Kemper smiled. “Well, why any of us? Why George? Why me? Why Bob Webster?”
“And why not a half a dozen others that we could mention?” said Robertson.
“I suppose there were as many as that,” said Kemper.
“You don’t only suppose, do you?”
“If we counted every time Mae disappeared from a party with some young man. Oh, I don’t know. But I was given to understand that you and I and George and Bob Webster were the ones she liked best.”
“Who told you that?”
“George did, and so did Mae. When George came to her rescue and told her that he and Bob and I were setting up this arrangement, she said, ‘What about Al Robertson?’ She seemed to think you belonged in the group. But if you feel otherwise, we can drop the whole matter.
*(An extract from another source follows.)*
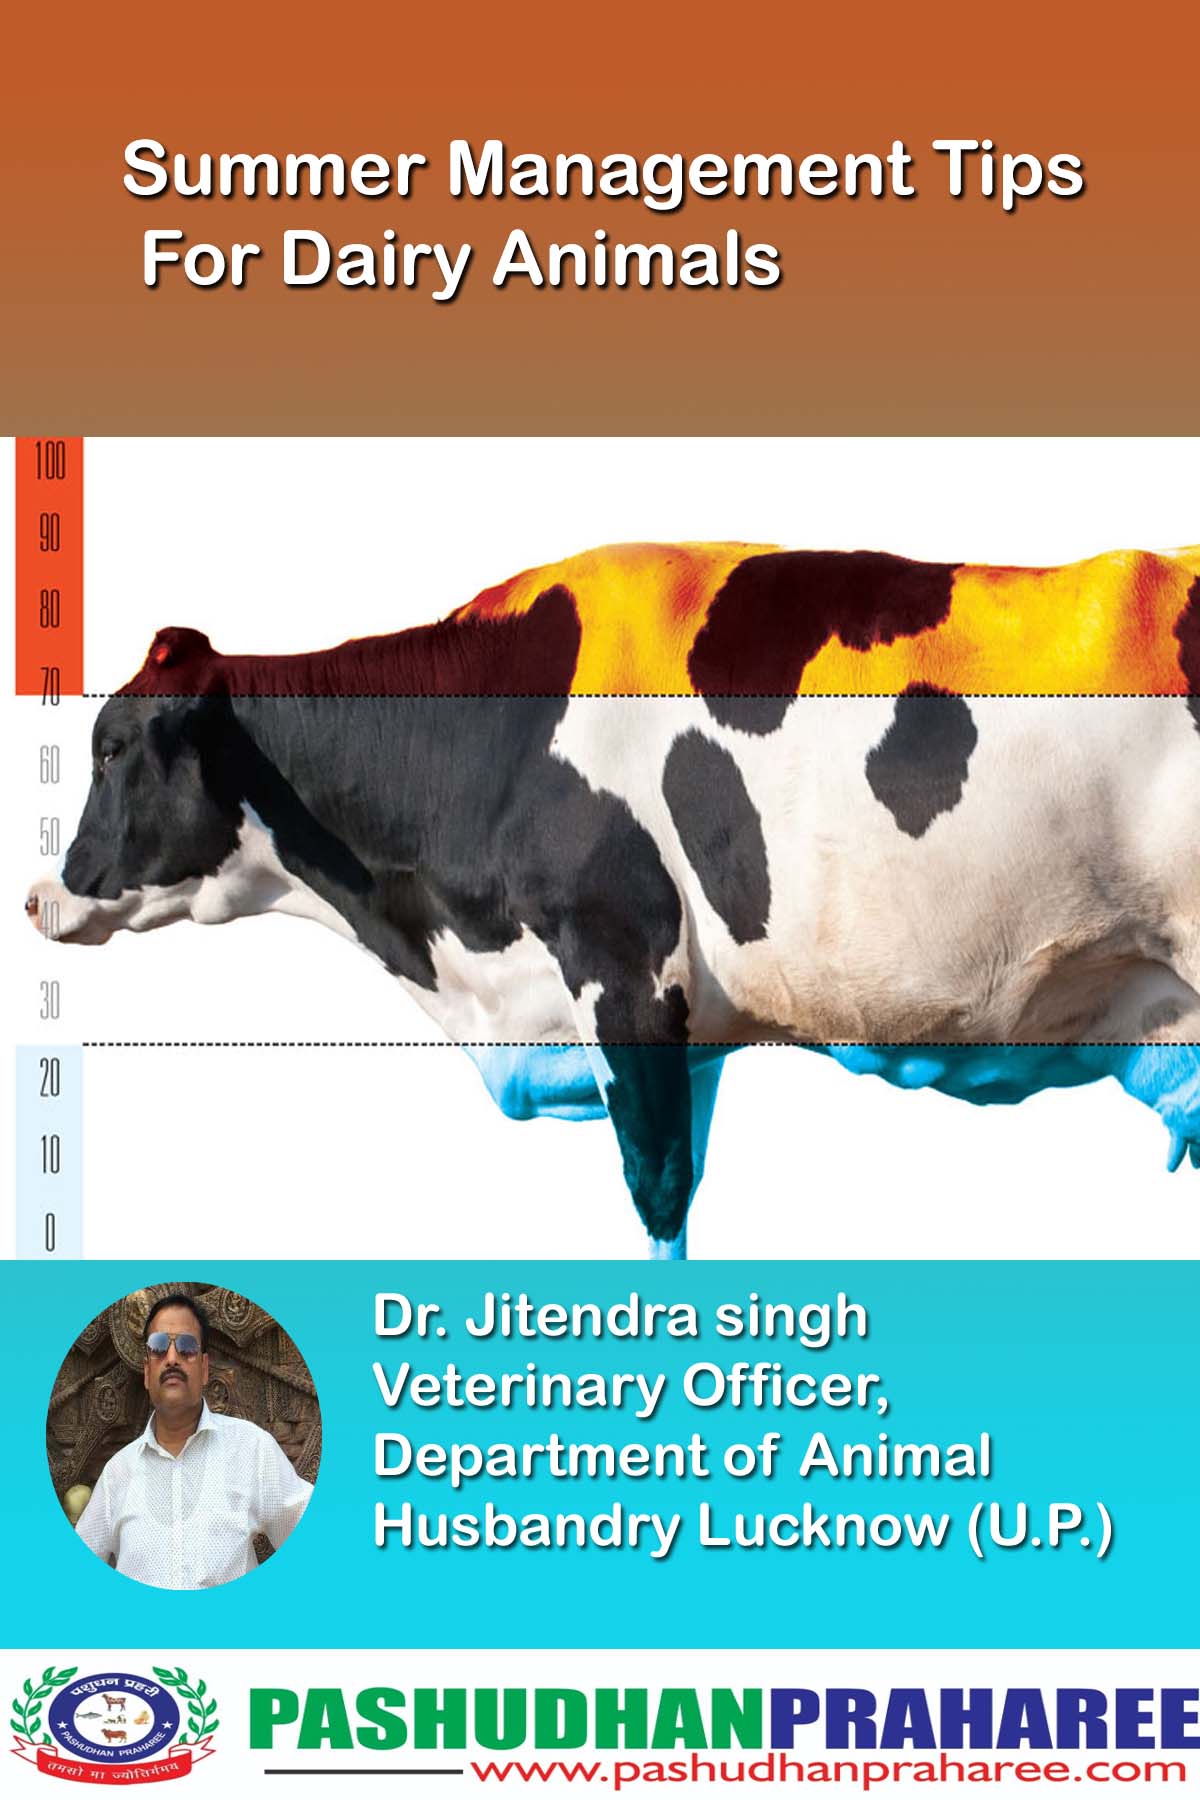 Summer Management of Dairy Animals

That’s why I was so mysterious in my letter.”
“What does it amount to, annually?”
“In money? Fifteen hundred a year, apiece. Since George died Webster and I’ve been making up the difference. If you want to look at it strictly from the money angle, George contributed for ten years. Not to mention what he put out in the beginning. But Mae isn’t going to last ten years. A year would be more like it.”
“Then I don’t really see why I should come into it at all. That is, if you and Webster can do it without me.”
“I guess we can. I know we can,” said Kemper. “But if anything happens to me, I’m not sure Webster could assume the whole thing. There’s quite a difference between fifteen hundred and forty-five hundred. If anything happened to Webster I might have a little difficulty making up his share and George’s. On the other hand, if Bob and I were to kick off in the same year, you could handle the whole thing without a noticeable dent in your income.”
“You seem pretty sure of that,” said Robertson.
“Well, I read the papers, too, you know. Your granddaughter’s coming-out party was supposed to’ve cost over a hundred thousand.”
“It probably did, but I had nothing to do with that.”
“I’m sure you didn’t, but the girl’s mother is your daughter,” said Kemper. “Mr. Robertson, you’re one of the four or five richest men in the Middle West. I read Fortune, too.”
“Mr. Kemper, I haven’t said I couldn’t afford to make a contribution to this fund. What I’ve been trying to say, without actually saying it, is that I don’t see why I should. It’s at least forty years since I’ve seen or heard from Mae MacNeath. I never saw her after I went back to Chicago, although I’ve been to New York hundreds of times since then. I daresay I could have seen her, in that time, but I didn’t much want to.”
“Oh, well then I got a completely wrong impression.”
“Yes, I’m afraid you did. To be perfectly candid about it, I never slept with Mae.”
“Oh, then I did have the wrong impression. From what she told me, and the impression she always gave George, you were the love of her life.”
“I wonder why she’d want you to believe that.”
“Well, because you were Alvin Robertson, the tycoon. The only one of her old friends that made it big, as they say.”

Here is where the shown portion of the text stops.